Terlepas dari “kredibilitas” prediksi saya itu—Anda tidak perlu terlalu mempercayainya—bila Anda membaca buku karya Muhammad Fethullah Gulen yang sangat tebal, dikisahkan bahwa Nabi Muhammad SAW sebelum menjadi Rasul, ternyata beliau orang pertama yang merenungi “lingkungannya yang busuk”, juga, orang pertama yang menyendiri di gua dan menghindari seluruh interaksi sosial. Lalu, bukannya Sang Nabi “tidak berkembang”, justru kebiasaan “merenung” membuat beliau menjadi “manusia paling berkualitas” secara emosi dan profesi yang dipanut sampai 1400 tahun lamanya.

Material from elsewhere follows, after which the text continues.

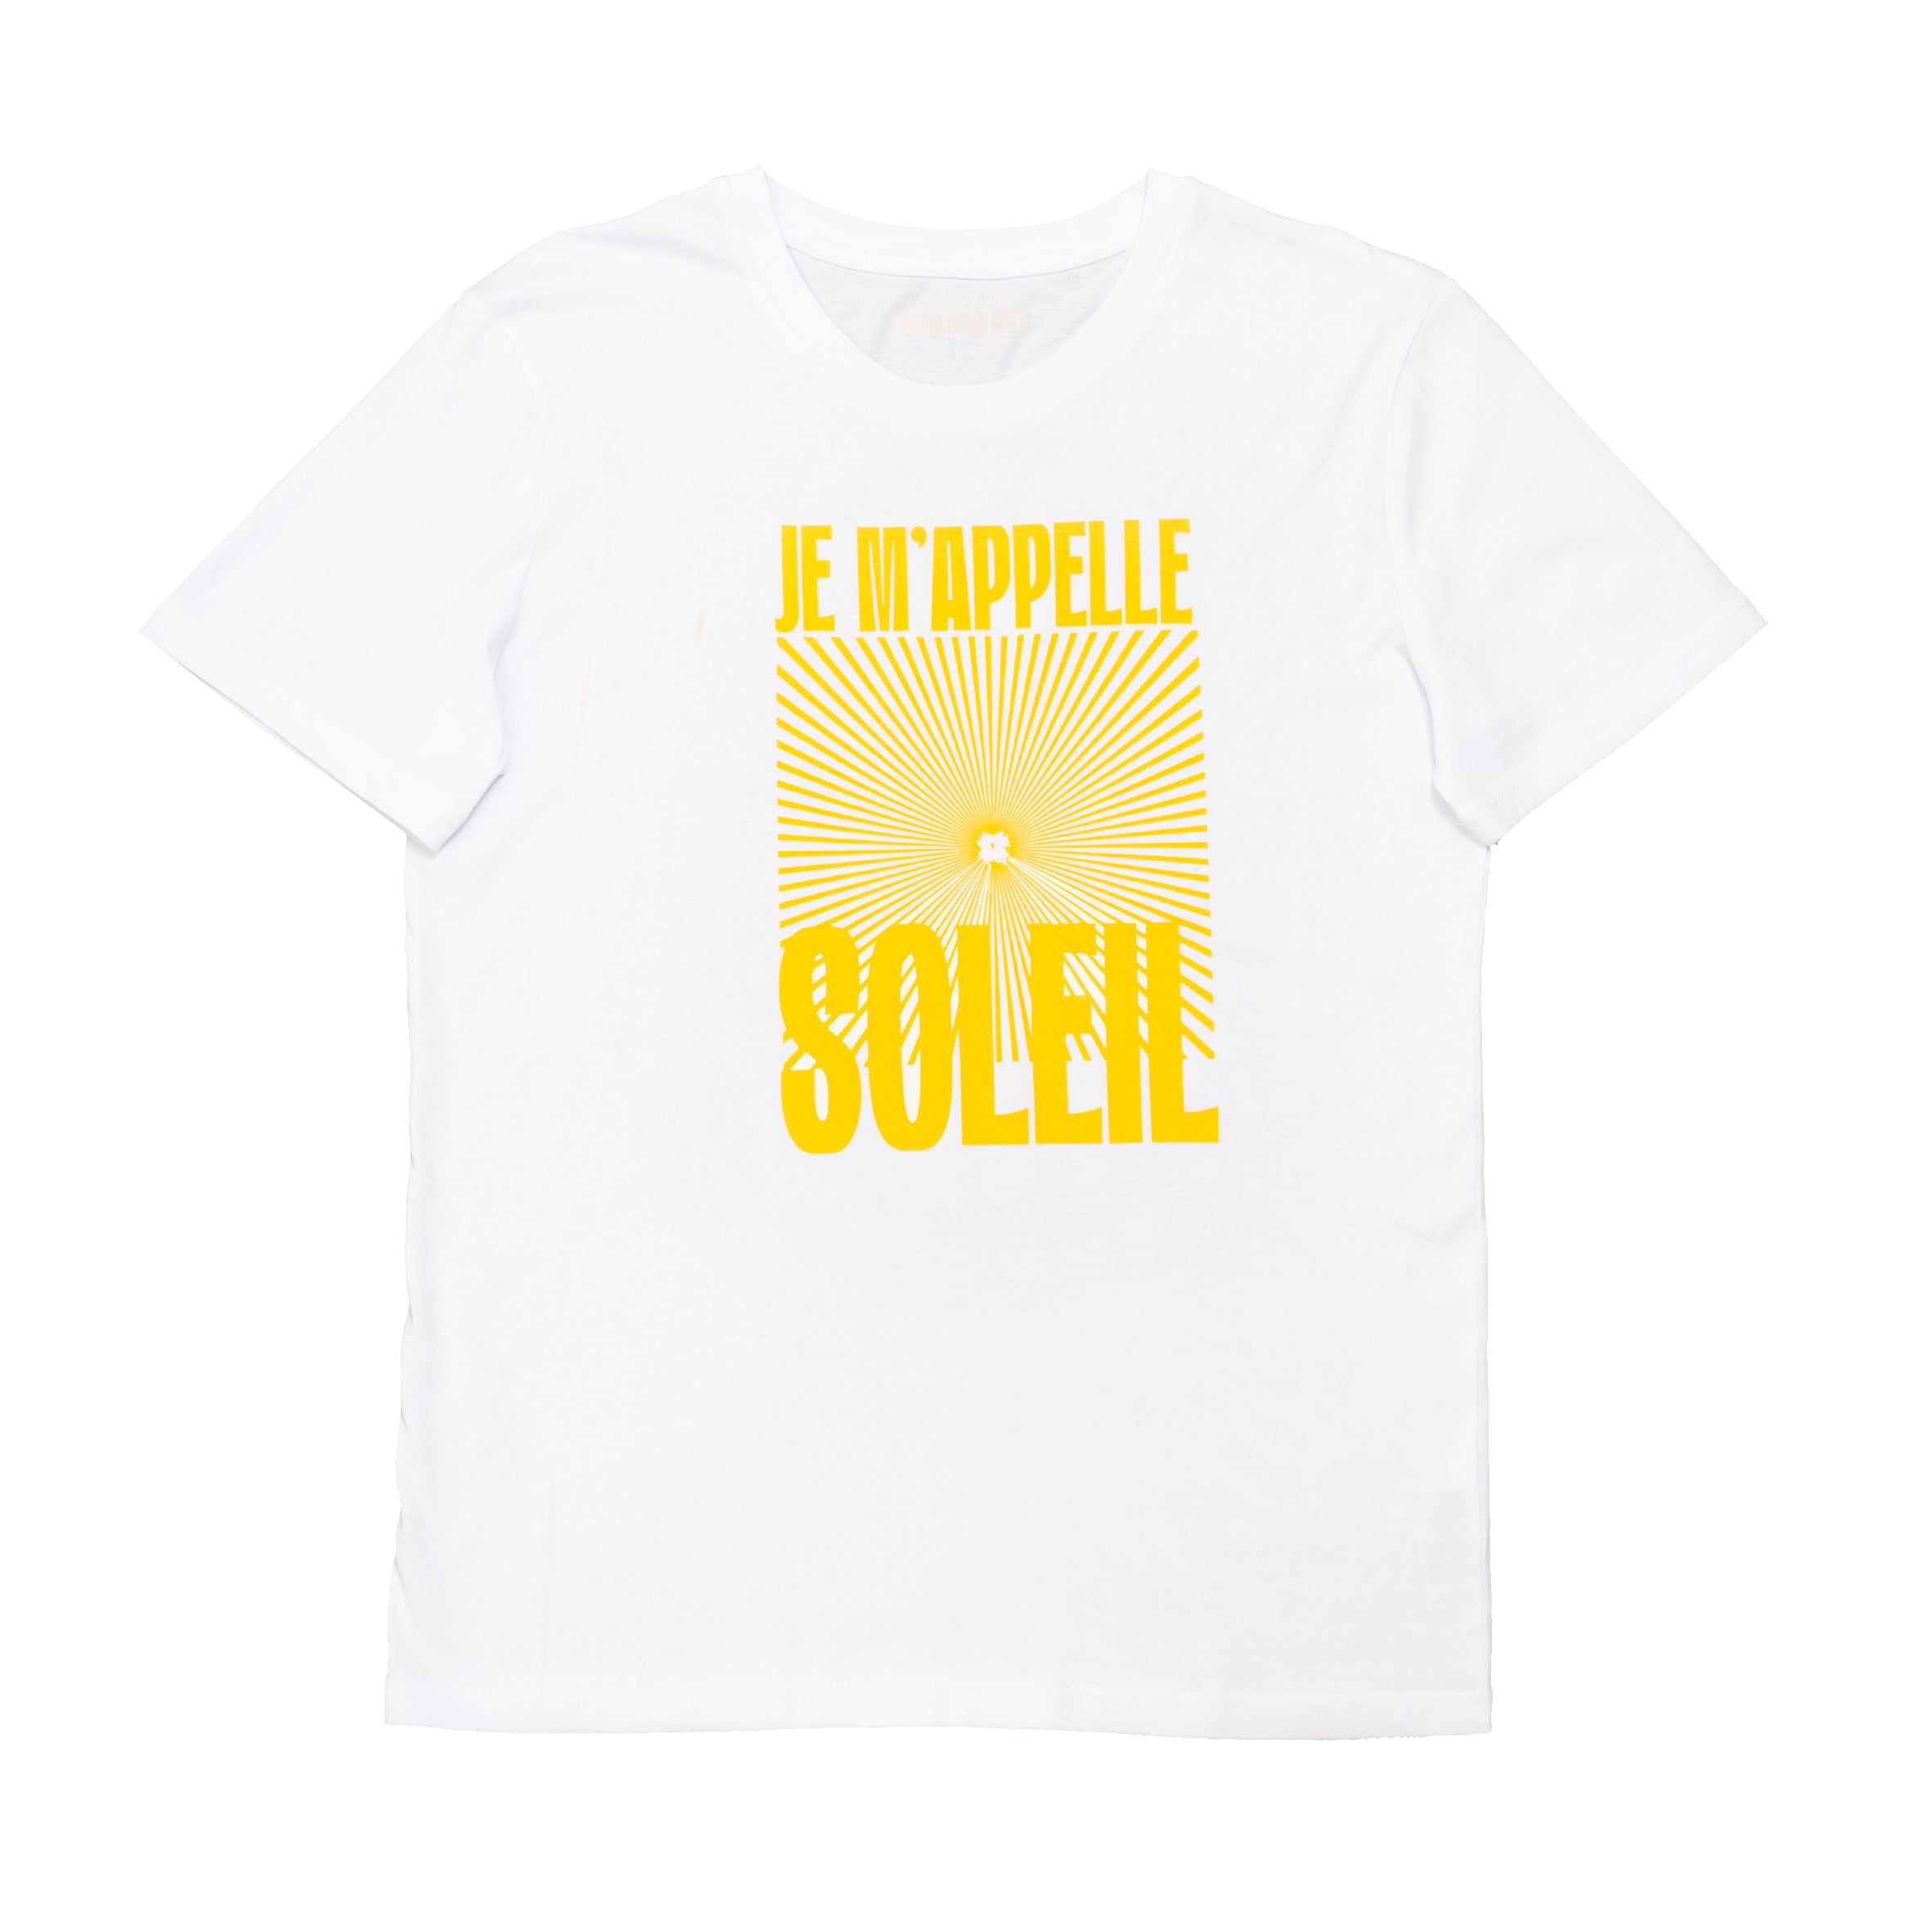 Je m'appelle Soleil T-Shirt - White/Yellow

Punya banyak teman tidak menjamin Anda terhindar dari kesepian, karena semua tahu, ada orang-orang yang justru “merasa sepi” di antara kerumunan kawan-kawannya. Memiliki banyak teman tidak menjamin Anda mendapat link job melimpah, sebab prinsip tidak tulus seperti “mencari banyak teman untuk memperbanyak link job” sudah banyak dipakai orang-orang di seluruh dunia, sehingga bukannya Anda dipekerjakan oleh mereka, justru Anda hanya bertemu sesama pencari link job. Pula, punya banyak teman tidak menjamin Anda dapat mengembangkan diri, karena malah sesama “pencari teman” justru—maaf—orang-orang yang picik secara wawasan dan dungu secara kecerdasan.

Lantas, selain tidak bermanfaat, bagaimana bisa “punya banyak teman” juga tidak menghasilkan ketiga hal di atas? Ternyata kunci untuk “menghindari kesepian, memiliki banyak link job dan mengembangkan diri”, bukan didapat dari “punya banyak kawan” tapi diperoleh dari “pengetahuan” Anda sendiri. Pengetahuan Anda tentang emosi yang menuntun untuk “menghindari kesepian, memiliki banyak link job dan mengembangkan diri”, bukan hal yang lain.

Jadi, secerdas apapun Anda, sejenius bagaimanapun Anda, sesempurna apapun IPK Anda, kalau tidak memiliki “pengetahuan” tentang emosi, Anda hanya akan dikendalikan lingkungan yang syarat akan “solidaritas pertemanan”, sehingga secara tidak sadar, Anda akan merasa nyaman dalam kubangan lumpur bernama “punya banyak teman” itu. Ternyata, hampir sama seperti konsep dalam buku Magnet Rezeki karya Nasrullah, bahwa, “Rezeki tidak perlu dicari, akan tetapi didatangkan”, sama halnya dengan cara memiliki banyak teman: “Anda tak perlu mencari kawan, tapi kawanlah yang harus mencari Anda”.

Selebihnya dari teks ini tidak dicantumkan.